| WORK INSTRUCTIONS |
In the entries below, begin at the line that has "Unglaubliches Fossilien-Pflaster im Kloster!", stop after the line that has "BMW_X6_Folierung_schwarz_metallic_matt_Titelbild", and output those lines exactly with no pictures.

------ DATA TO USE ------

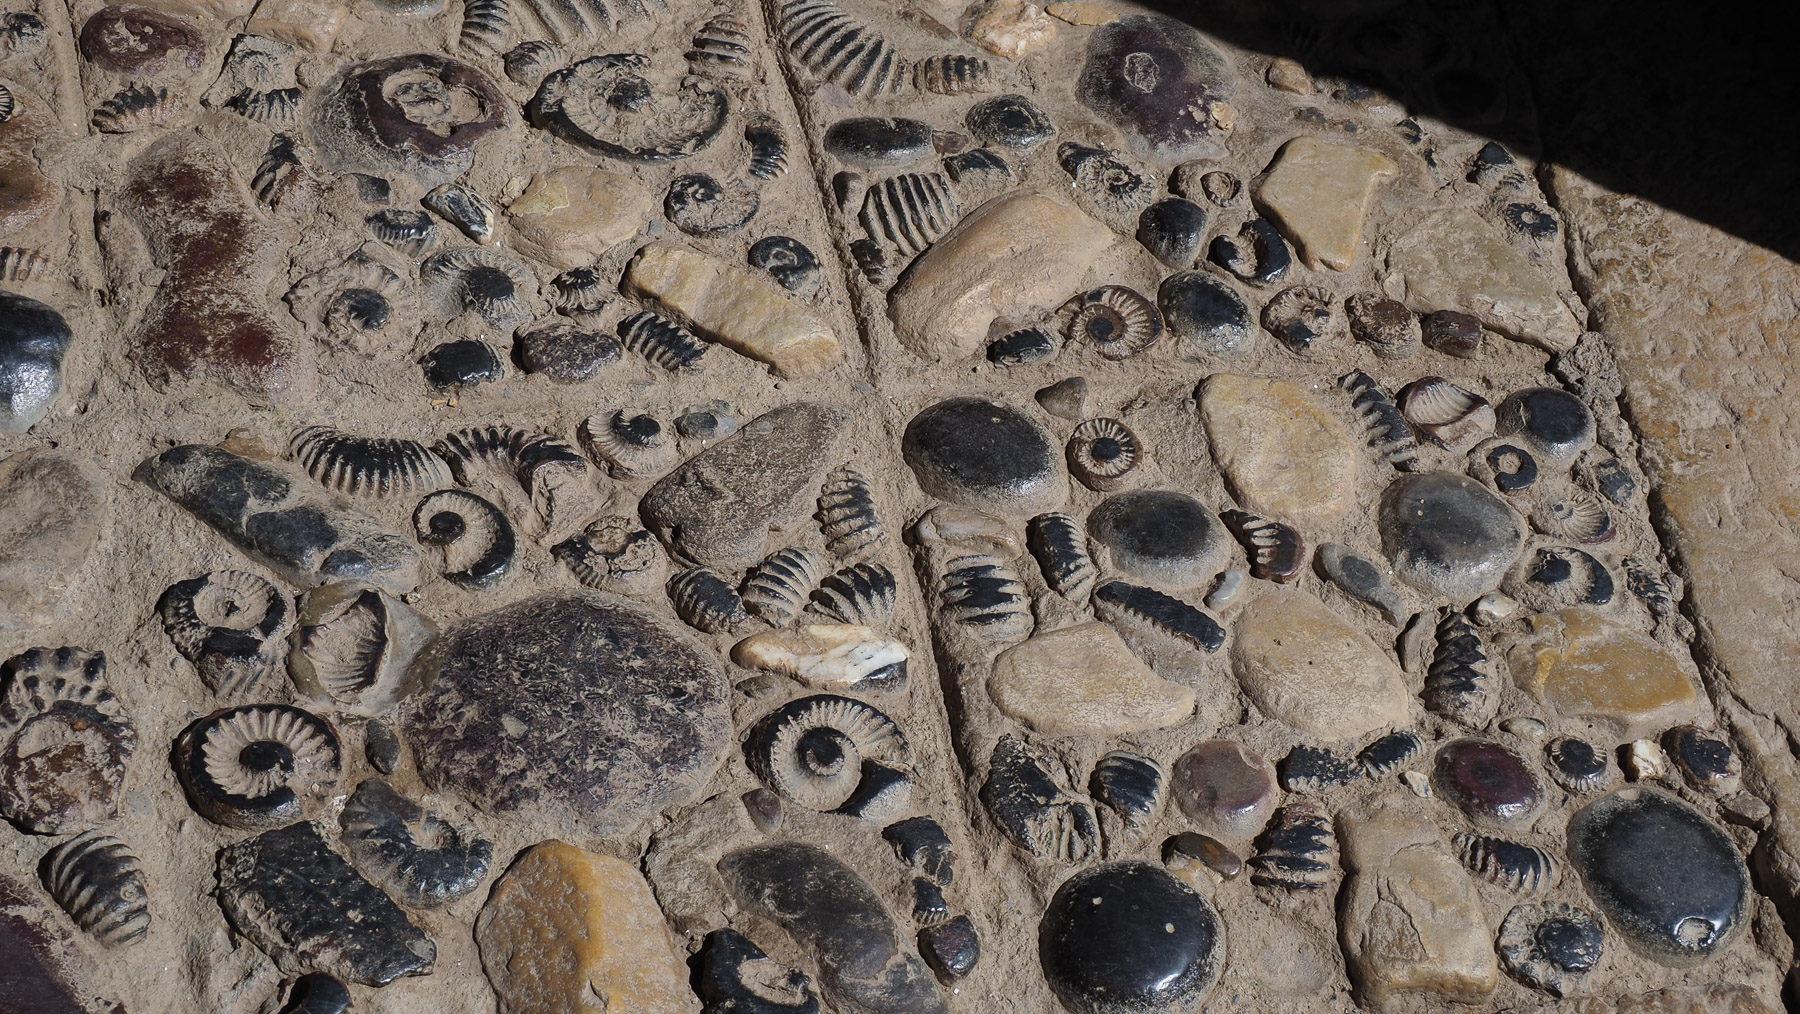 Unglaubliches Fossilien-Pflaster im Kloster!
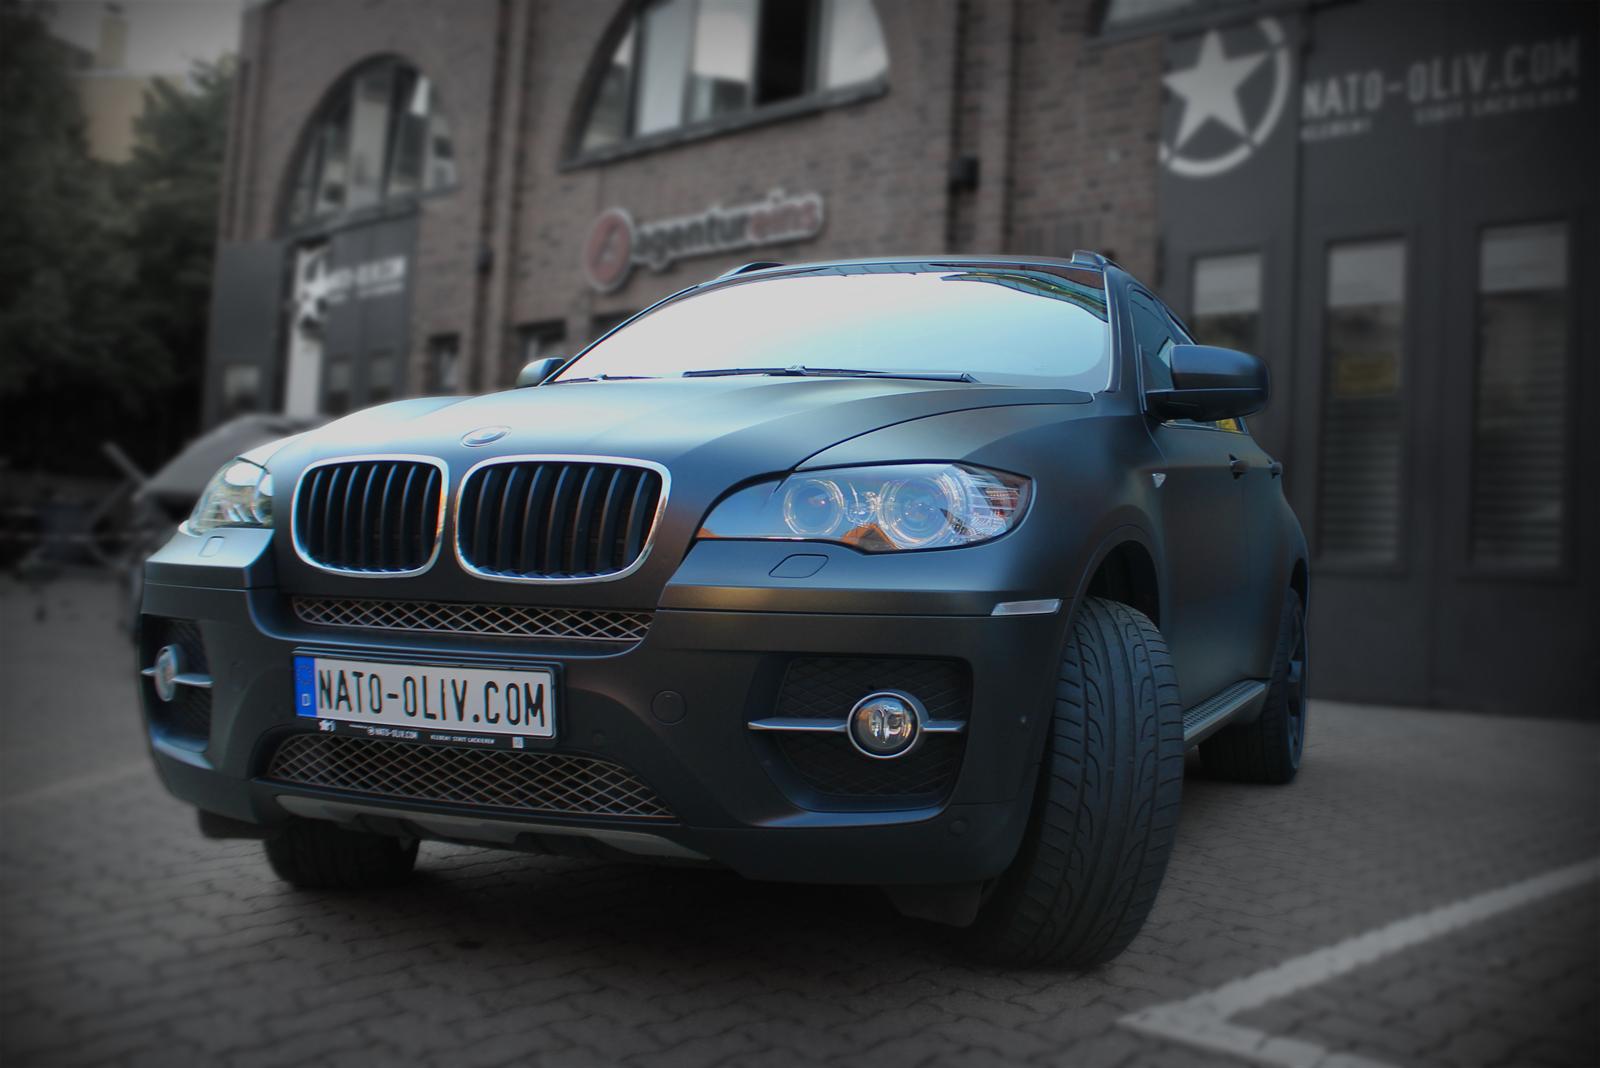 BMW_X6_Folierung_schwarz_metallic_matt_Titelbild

------
------ DATA TO USE ------

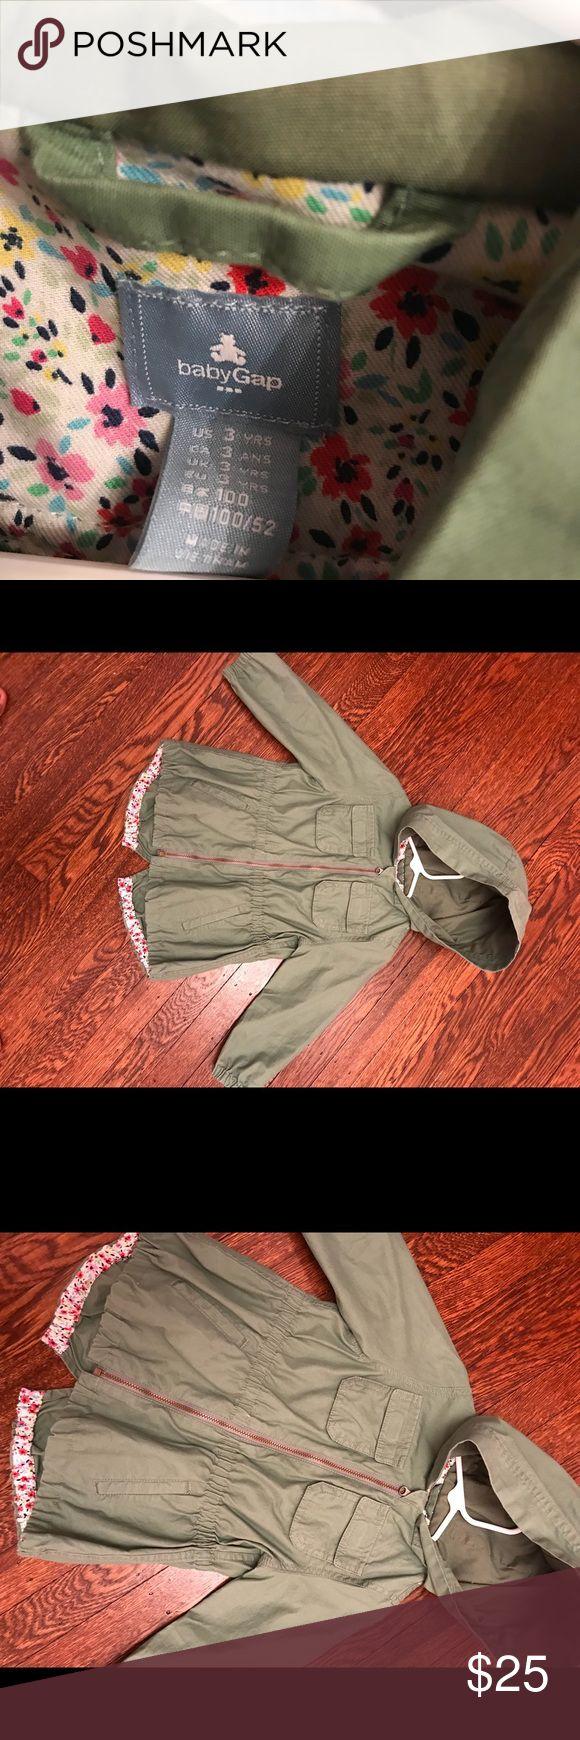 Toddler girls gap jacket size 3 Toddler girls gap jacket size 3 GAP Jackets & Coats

------

| ANSWER TO THE EXERCISE |
 Unglaubliches Fossilien-Pflaster im Kloster!
 BMW_X6_Folierung_schwarz_metallic_matt_Titelbild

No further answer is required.